Describe the Society and Culture as Reflected in the Sangam Literature.
Life of the Tamils in the beginning of the historical period is based on the Sangam literature. As shown earlier, the Sangam was a college or assembly of Tamil poets held probably under chiefly or royal patronage. But we do not know the number of Sangams or the period for which they were held. The available Sangam literature, which was produced by these assemblies, was compiled in circa A.D. 300-600. But parts of this literature look back to at least the second century A.D. The Sangam literature can roughly be divided into two groups, narrative and didactic. The narrative texts are called Melkannakku or Eighteen Major Works. They comprise eighteen major works consisting of eight anthologies and ten idylls. The didactic works are called Kilkanakku or Eighteen Minor Works.
They show that the early Tamil people were primarily pastoral. Traces of early megalithic life appear in the Sangam texts. The earliest megalithic people seem to be primarily pastoralists, hunters and fishermen although they also produce rice. Hoes and sickles occur at many shares. The texts suggest that war booty was an important sources of livelihood. They also state that when a hero dies he is reduce to a piece of stone.

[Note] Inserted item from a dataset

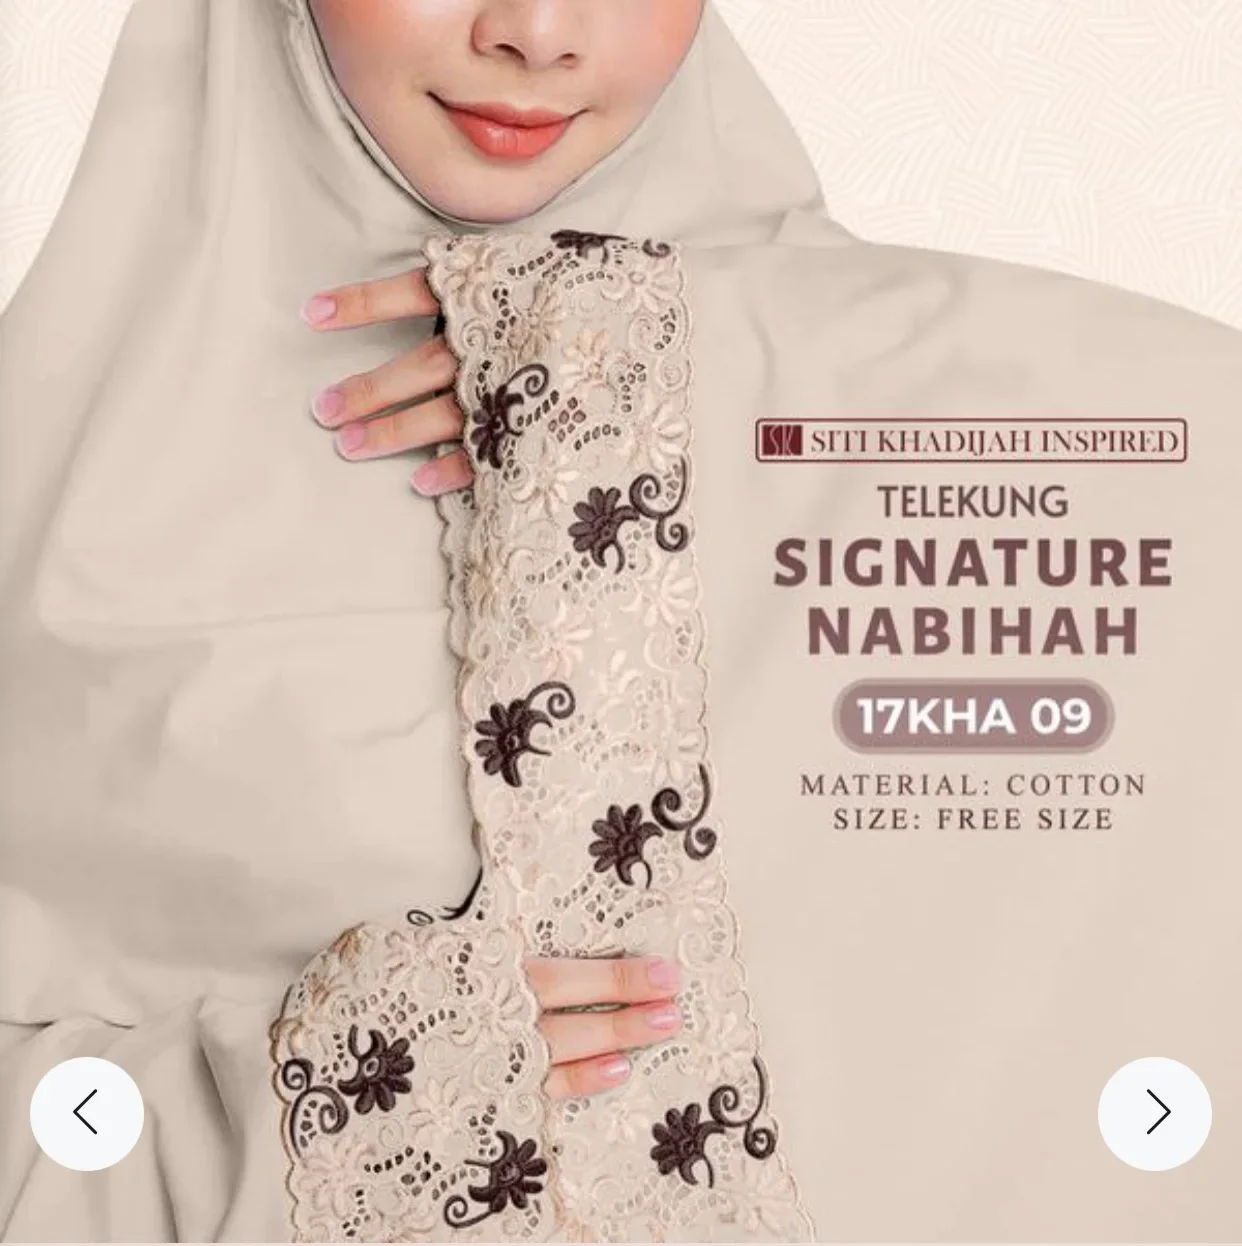 PREORDER Siti Khadijah Signature Nabihah Collection - Free Woven Bag

The narrative Sangam texts also give some idea of the state formation in which the army consisted of the groups of warriors, and the taxation system and judiciary appeared in a rudimentary state. Beside the Sangam texts we have a text called Tolkkappiyam, which deals with grammar and poetics. Another important Tamil text deals with philosophy and wise maxims this text is called Tirukkural. In addition to this we have the twin Tamil epics of Silappadikaram and Manimekalai. The two were composed around the sixth. century A.D.